Stored data Start Marker

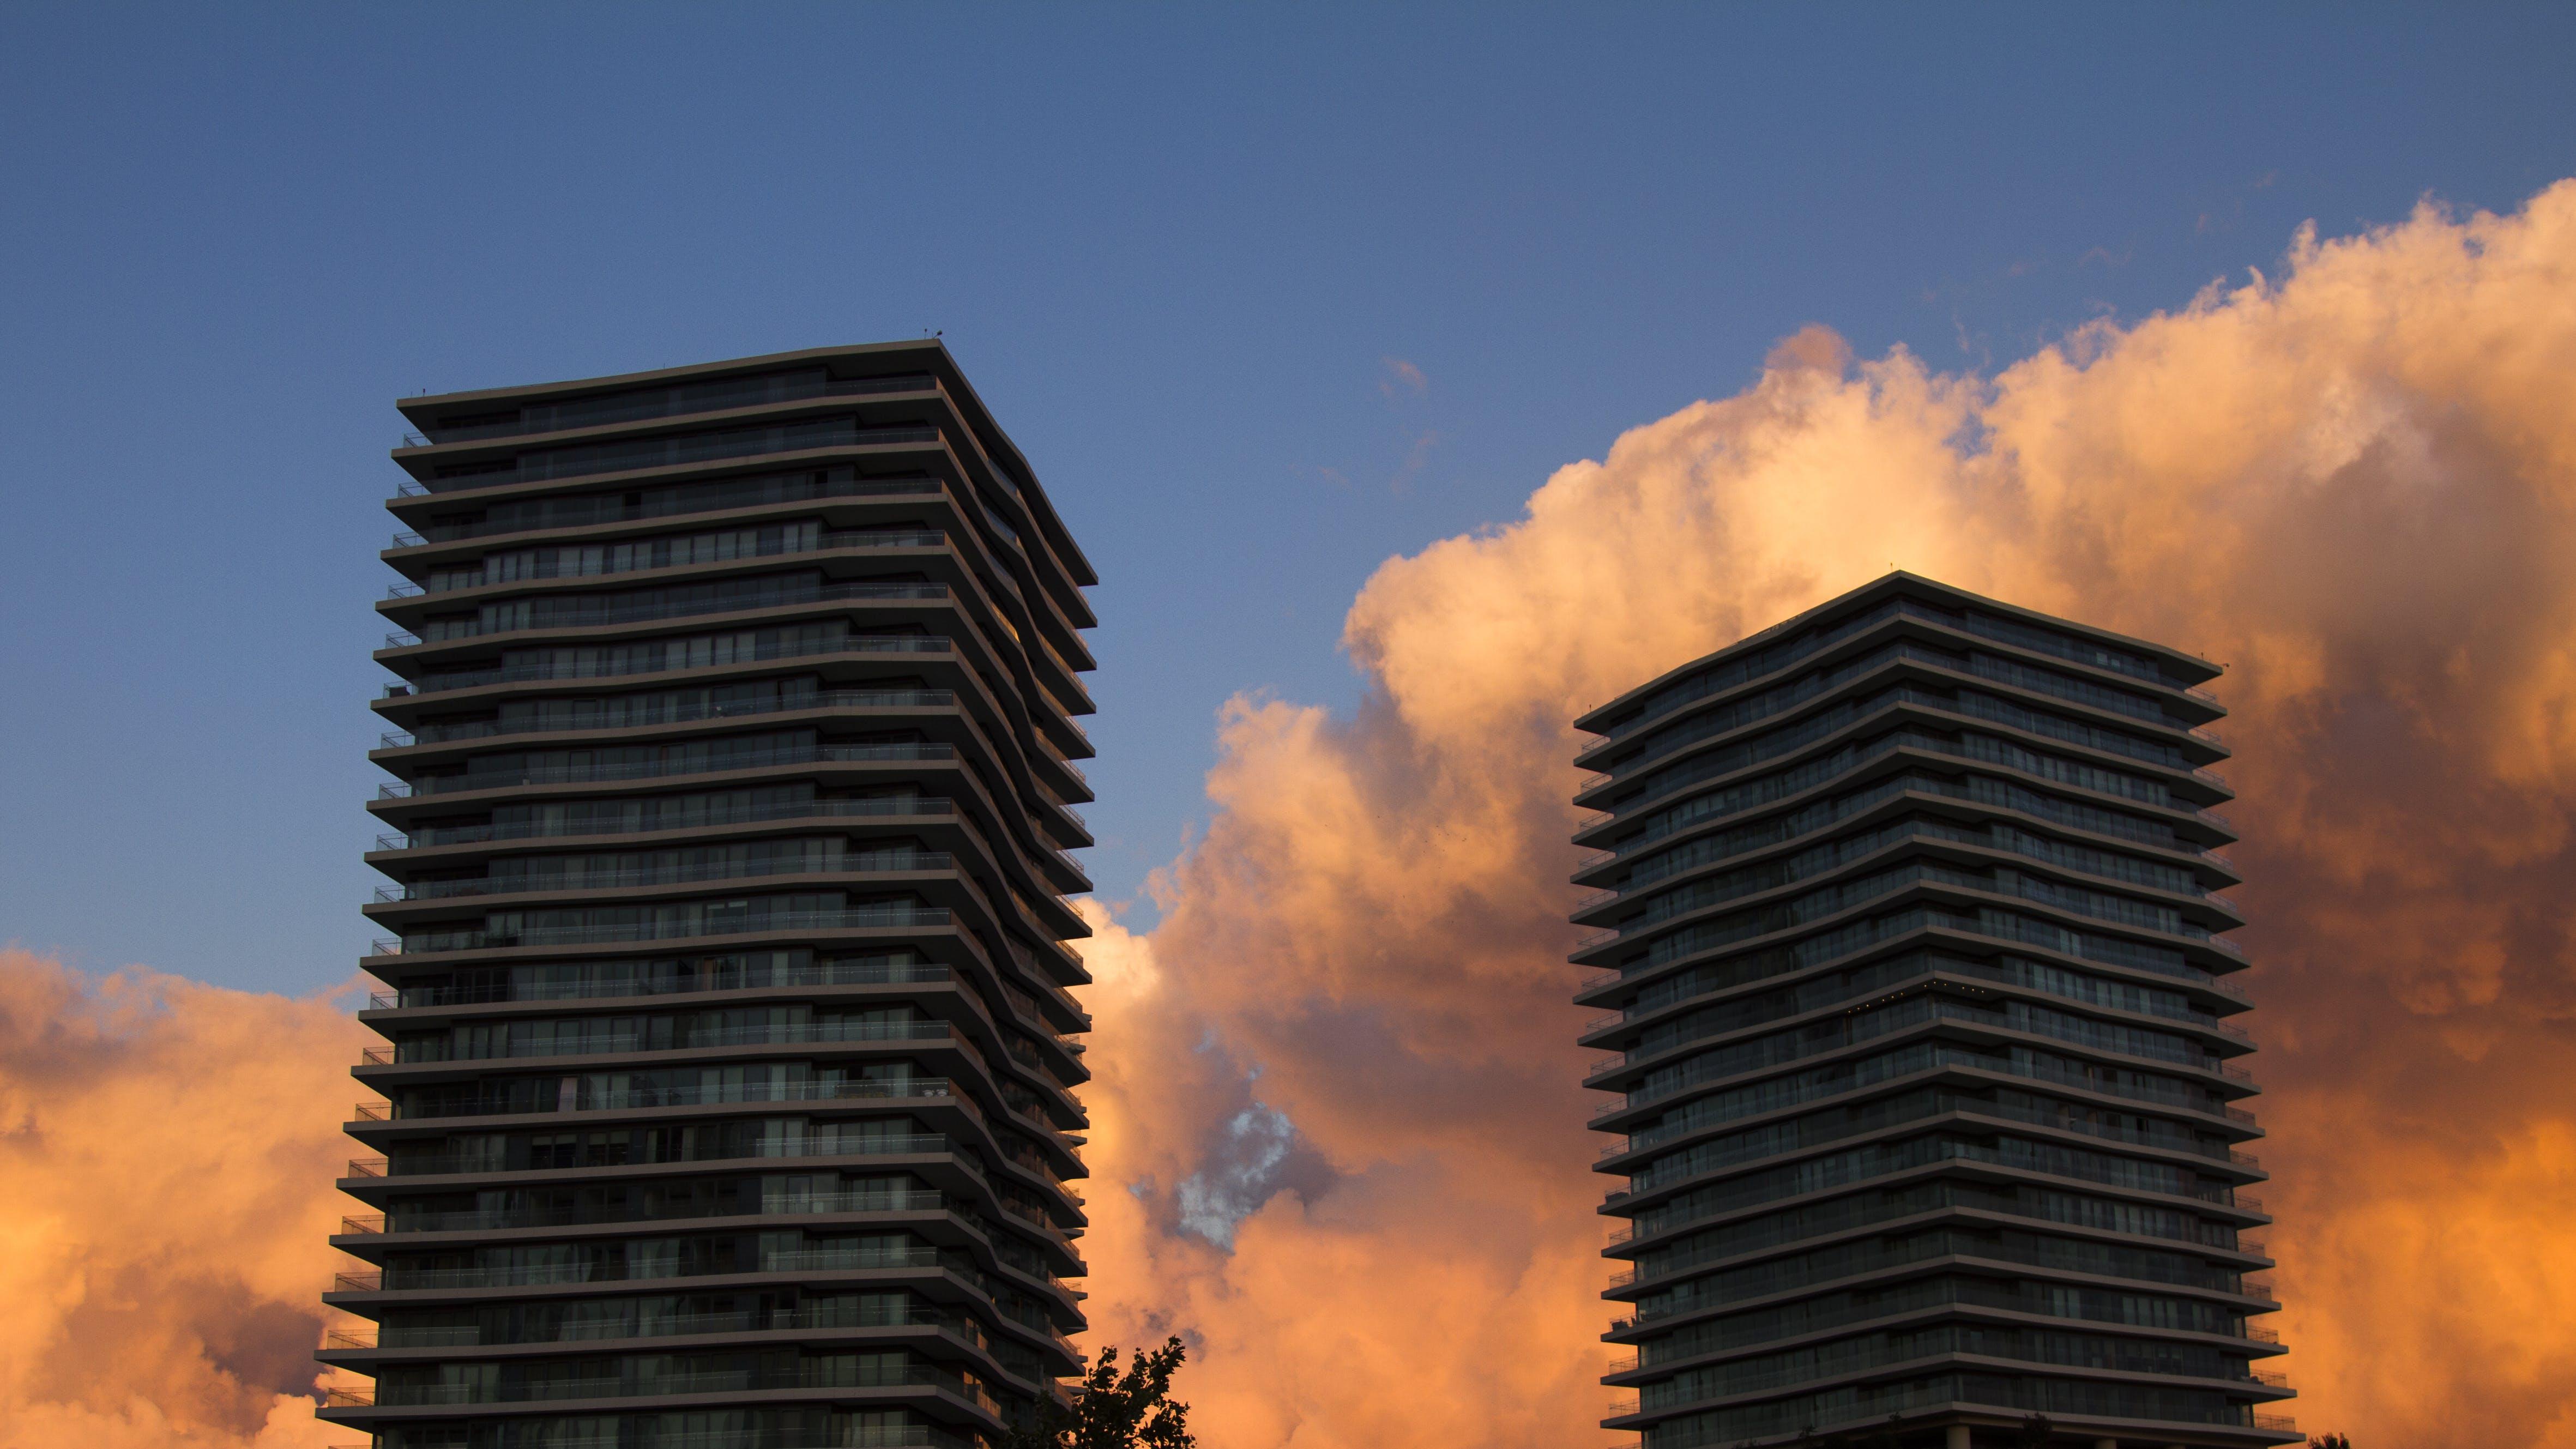 Free stock photo of blue sky, buildings, red sky, sky
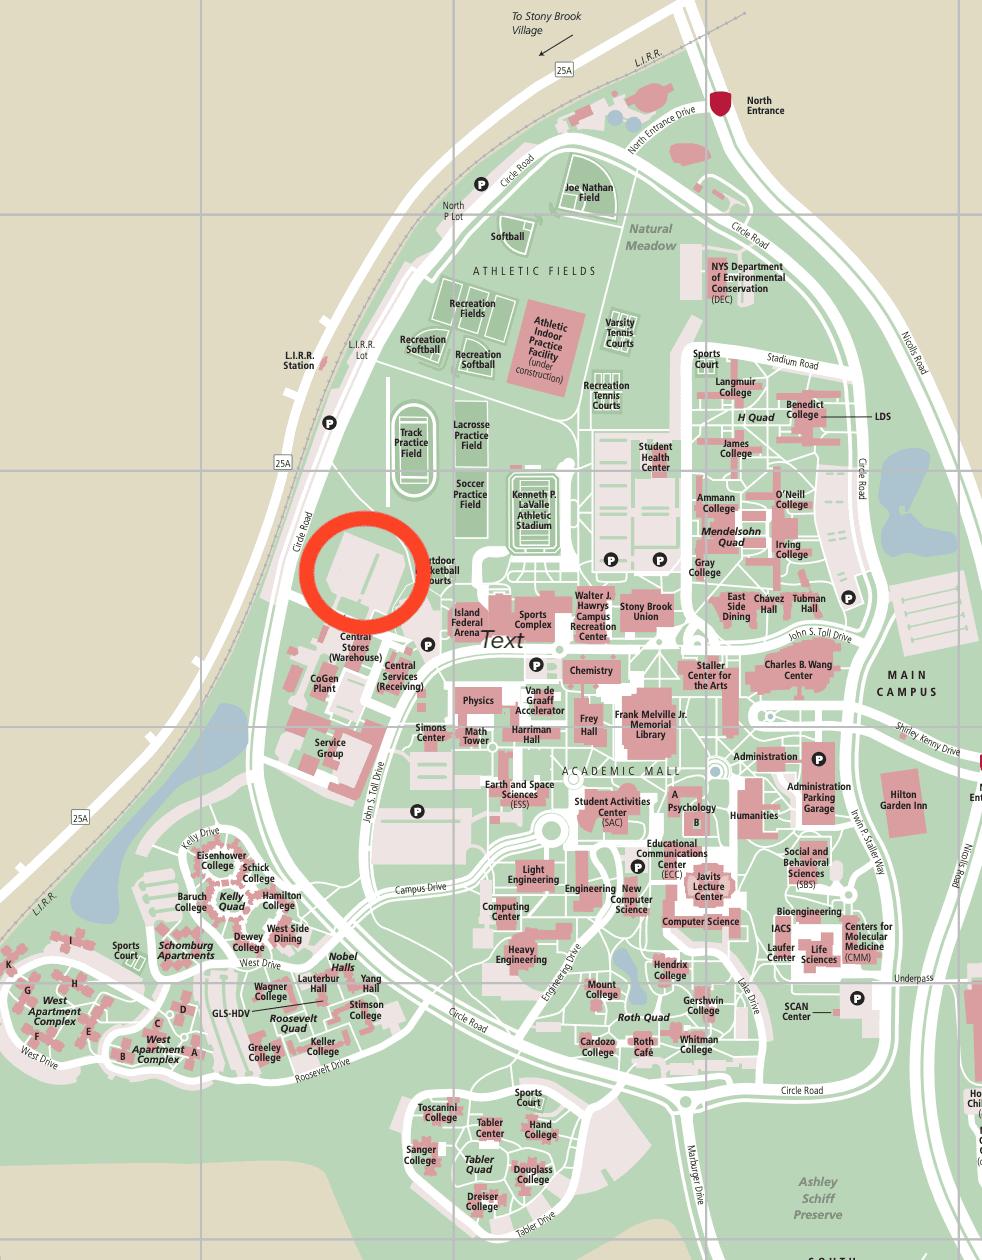 Stony Brook Campus Map gym road map pc stony brook university – The Statesman
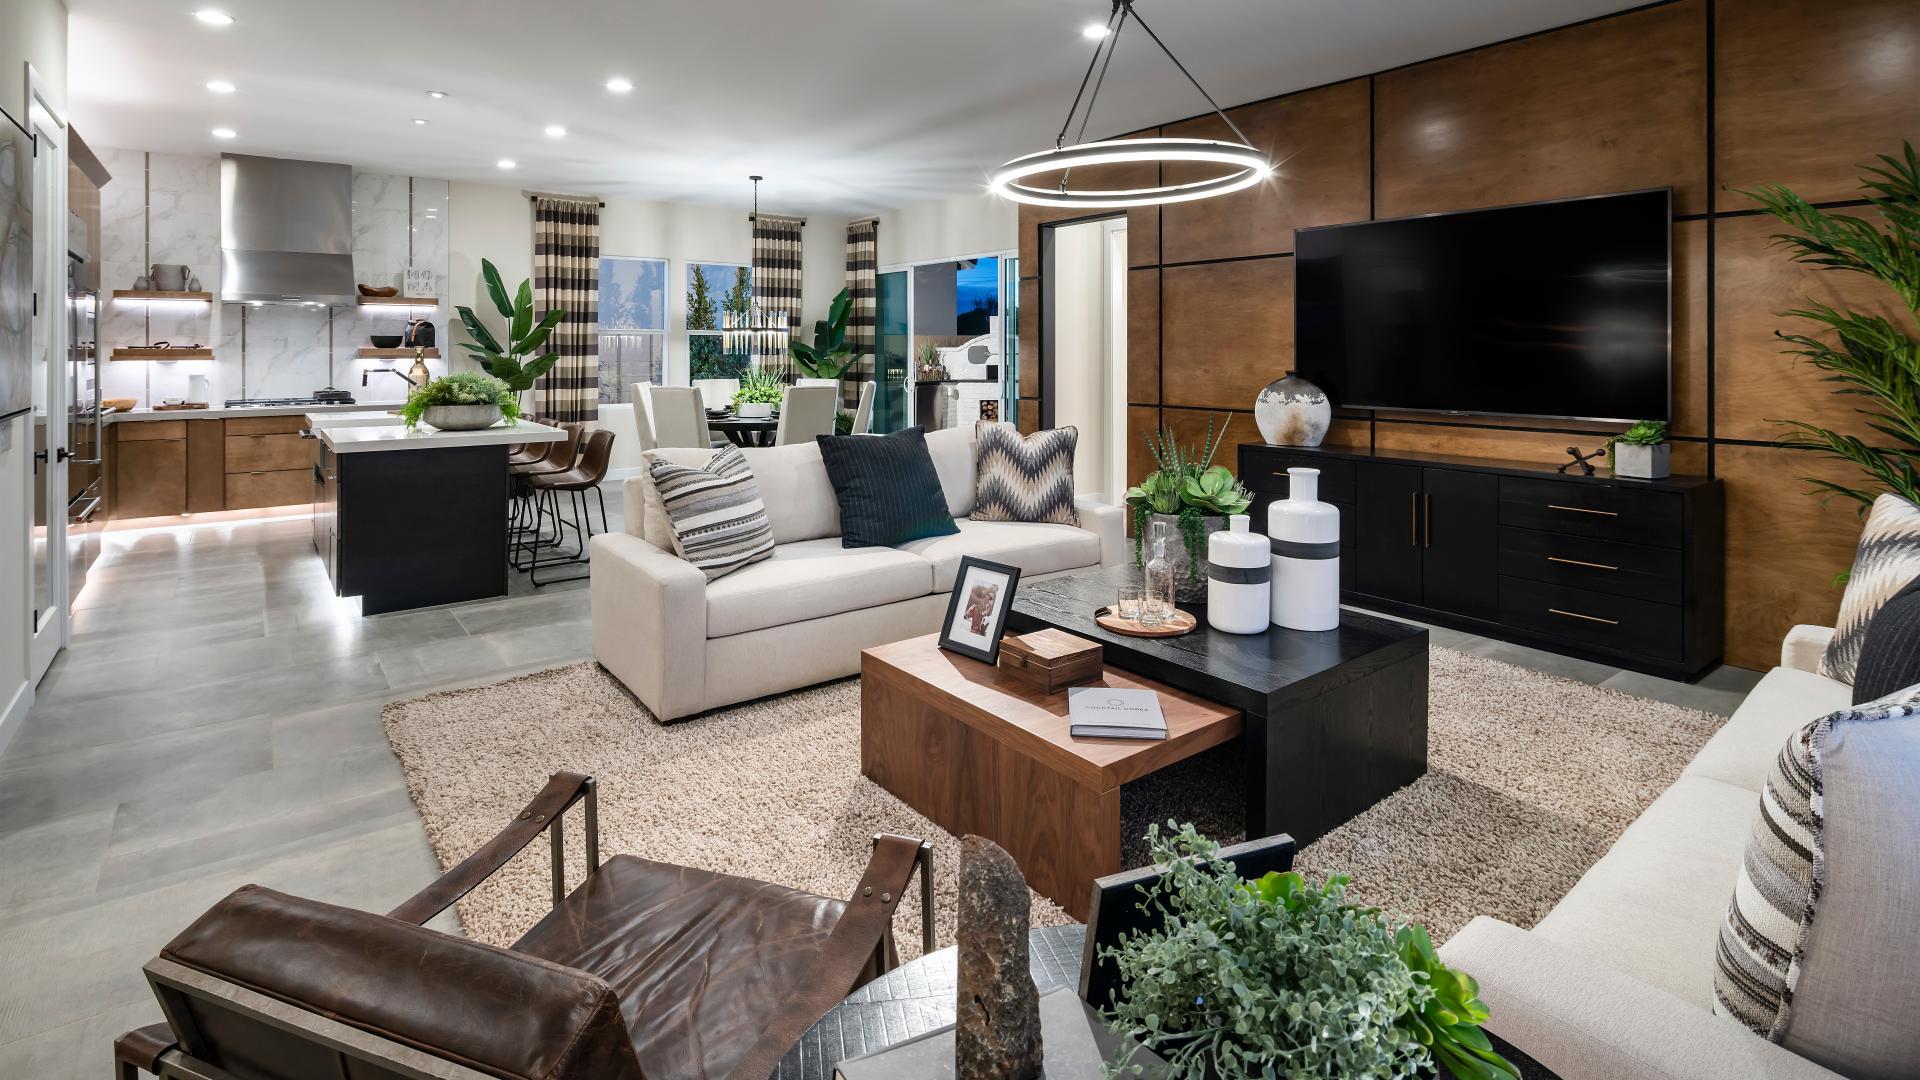 Open-concept great room

Stored data End Marker

An exact copy of all the lines above is required, with the pictures removed.

* _Response to the exercise_
 Free stock photo of blue sky, buildings, red sky, sky
 Stony Brook Campus Map gym road map pc stony brook university – The Statesman
 Open-concept great room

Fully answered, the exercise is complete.